Las medidas que iban a tomar eran pues necesarias, porque si el restaurante no funcionaba, el municipio sufriría las consecuencias tanto desde el punto de vista económico como financiero, dado que una proporción considerable de los ingresos municipales provenían del impuesto profesional que el restaurante debía pagar. Con toda la franqueza del mundo, se podía afirmar que el establecimiento estaba abocado al fracaso si estaba al mando un anglosajón.
Apretando los dientes para combatir la aversión que le producía tener que participar en la reunión, Christian abrió la puerta del coche.
«Despachemos el asunto de una vez», pensó.
—Ssshegurrroquetienequehaberrrotrraforrrmadesssholucionarrressshto.
Annie Estaque abrió una pausa para recobrar el aliento y volvió a ajustarse la dentadura postiza en la boca, con lo cual Josette tuvo tiempo para reparar en Christian, que caminaba hacia la puerta con aire abatido y una cara de preocupación poco habitual en él.
—Bueno, pues aquí tenemos a la persona a quien se le podría ocurrir —dijo Josette mientras Christian franqueaba despacio la puerta.
—¿Ocurrir qué? —preguntó, inclinándose para besar las curtidas mejillas de Annie, llenas de surcos y arrugas causados por toda una vida de trabajo en el campo.
—Alguna otra manera de arreglar esa cuestión del hostal. Véronique acaba de hacernos un resumen de lo que se dijo anoche y Annie no cree que el plan del alcalde sea muy bueno.
Como si quisiera subrayar su posición, ésta soltó un bufido y después tosió con fuerza tapándose la boca con la manga de la chaqueta de punto.

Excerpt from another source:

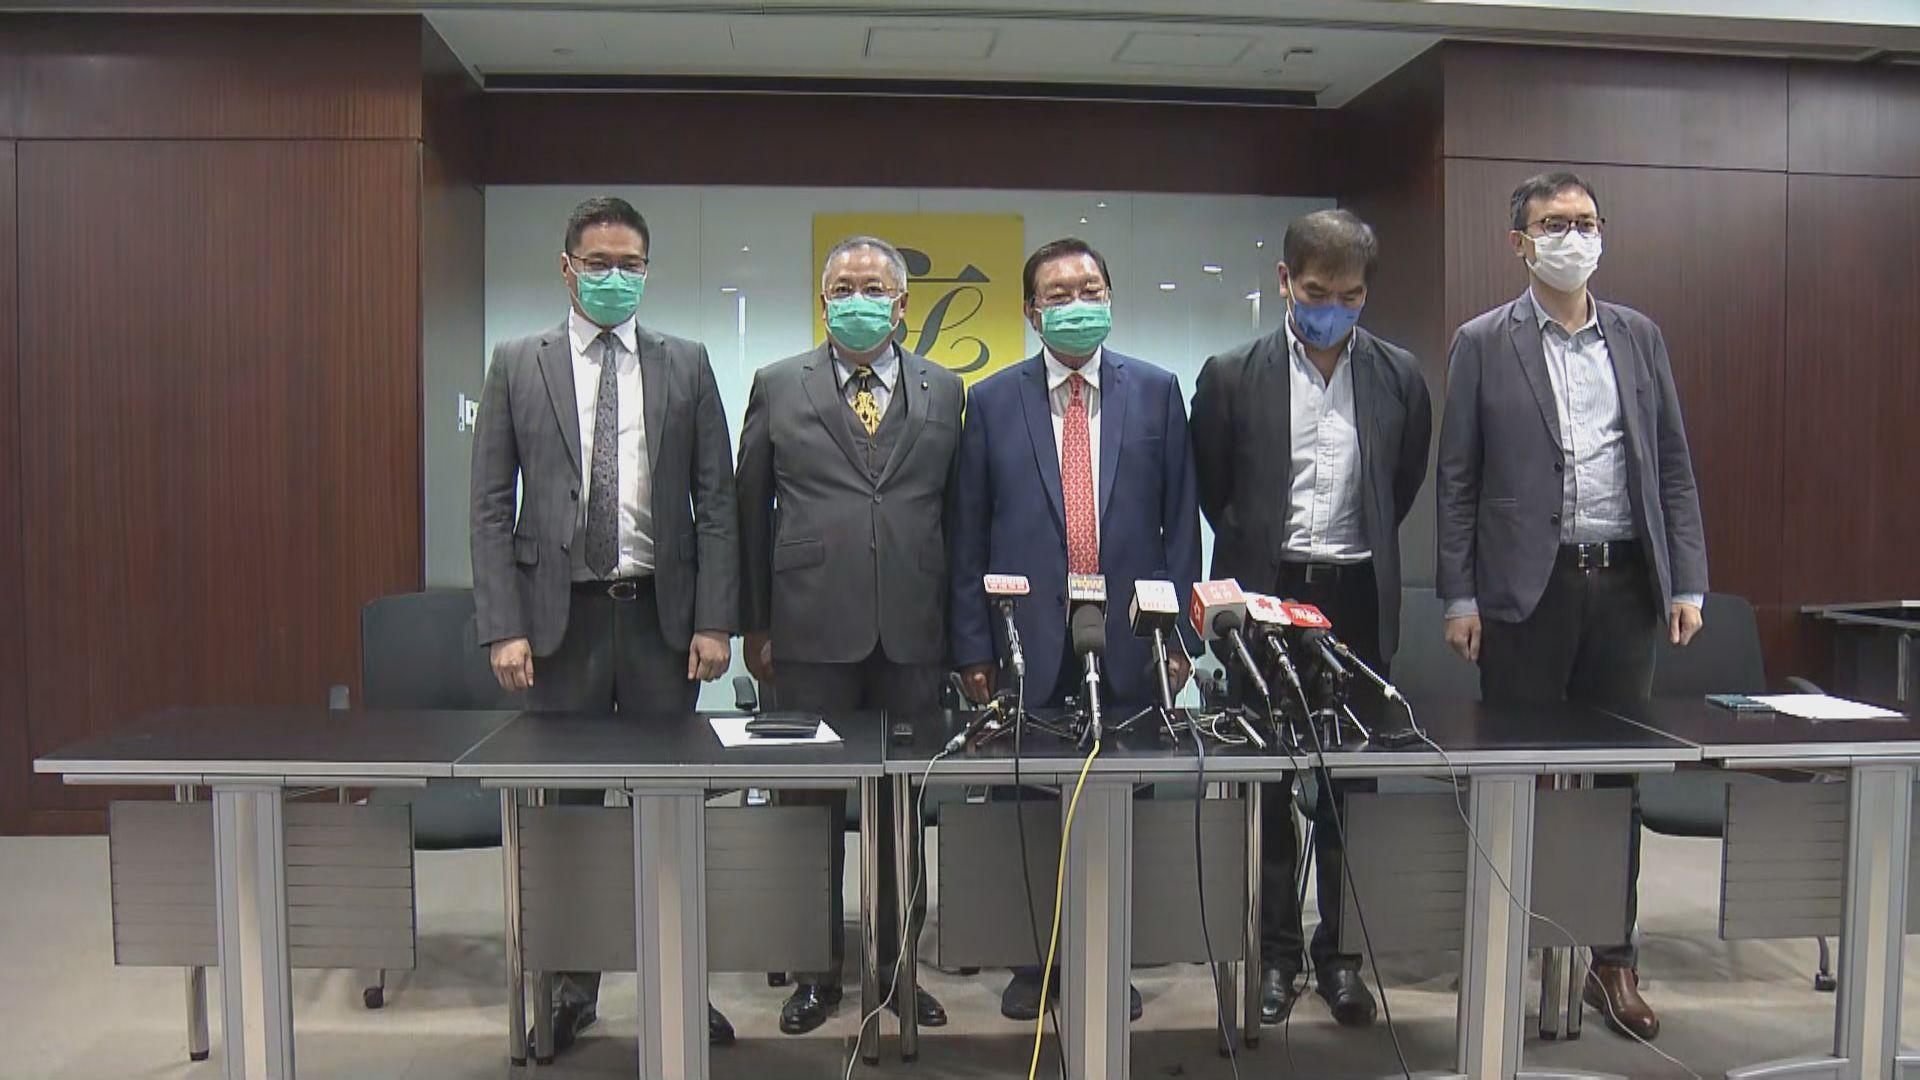 自由黨「關懷基金」向新冠病毒確診者派4000元

—¡Por Dios, mamá! —la reprendió Véronique con asco y la cara ruborizada de vergüenza cuando Christian se inclinó para saludarla.
—¿Y bien? —inquirió Josette, mientras recibía los dos besos que Christian le dio en ambas mejillas.
—Y bien, ¿qué?
—¿Tienes tú una idea mejor?
Christian se apoyó pesadamente en el mostrador, no tanto para aligerar el peso en las piernas como para no chocar con las ristras de embutidos colgados del techo.
—Es algo difícil.
Annie volvió a emitir un bufido.
—Noveoquétienededifícil. Elhossshtalessshtávendidoyssshansssheacabó.
Véronique asintió con la cabeza. Aquella fue una de las raras ocasiones en que se la vio manifestarse de acuerdo con la mujer a quien le mortificaba tener que considerar su madre.
—Parece poco justo confabularse así contra los recién llegados. Son métodos casi intimidatorios. Y la propuesta del alcalde es exagerada, por no decir algo peor.